23 years have passed since this incident. My grand mom moved out of this house and went to stay with my aunt. Some local thief stole the pee-boy. The property was partitioned and sold. The house was broken down. Two of my cousins have built houses on that plot. My naughty older cousins now have kids of their age back then. My grand mom expired 3 years ago.

 

Even today when I tell my mom that I am going to a pool that is hardly 5 feet deep under the watchful eye of two trained lifeguards, my mom tells me ‘Take care ok… I still remember you falling in that fountain…”

 

 

 

Sunday 28 July 2013

The Starting Trouble

The trouble has always been to set things into motion. Many of you must have always heard of the word 'Procrastination'. Well, for you it might be just a word, for me its a way of life! I keep until tomorrow what I can  finish off today. Here I am finally getting myself together to write what is probably my first blog-post.

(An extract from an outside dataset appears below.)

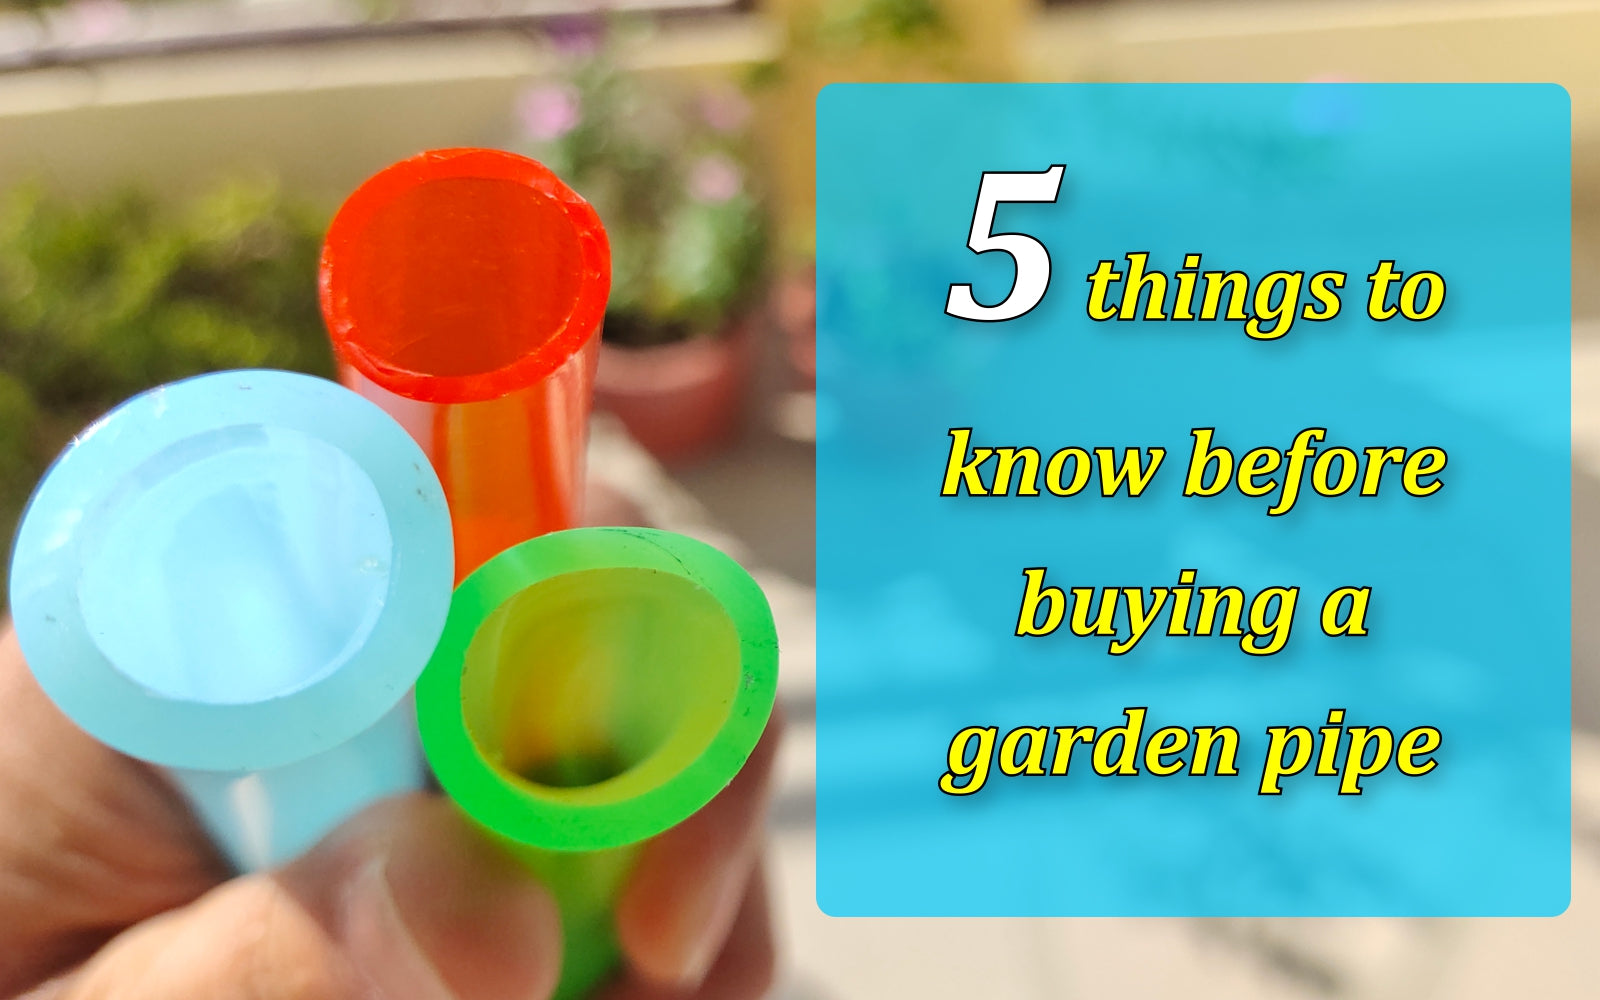 5 Things to Know Before Buying a Garden Pipe - Garud Pipes

With great humor, I recount a 12 year old me reading something about a 'blog' in the last page of the then Gulf News tabloid almost a decade and a half ago.'Blog!.. Ah.. a new word' I wondered. Those were the days when you take everything your English teacher tells you seriously and you embark on an overzealous vocabulary-building mission.

I rushed to the sacrosanct Bible of English language, yup, my pocket Oxford English Dictionary to decode this new word. I enthusiastically flipped through the pages only to be stunned to a stupefaction. The bespectacled school girl me let out a gasp of horror as I couldn't find the word. For the first time in the whole twelve year life my most trusted guide had let me down. Suddenly the magical book had lost its charm. My puzzle solver didn't have a solution to this strange word. I was overcome with a new found sense of respect for this word 'blog'! I felt like standing up and saluting it.

All this was a long time ago, as the years passed by the bespectacled school girl grew up, went to college as a contact-lens wearing dental undergraduate. After that she briefly transformed into zombie PG student who had given her soul to the Department of Pedodontics. Fortunately that phase is over.

Honestly speaking, I feel like I'm released from the prison of Azkaban from the clutches of the Death Eaters.  I have broken free from the shackles that I has tied me down and this is period of my Renaissance where I breath the air of freedom and live my life the way I want to.

So today I decide  to revisit the word that once earned a respectable position in my cerebrum.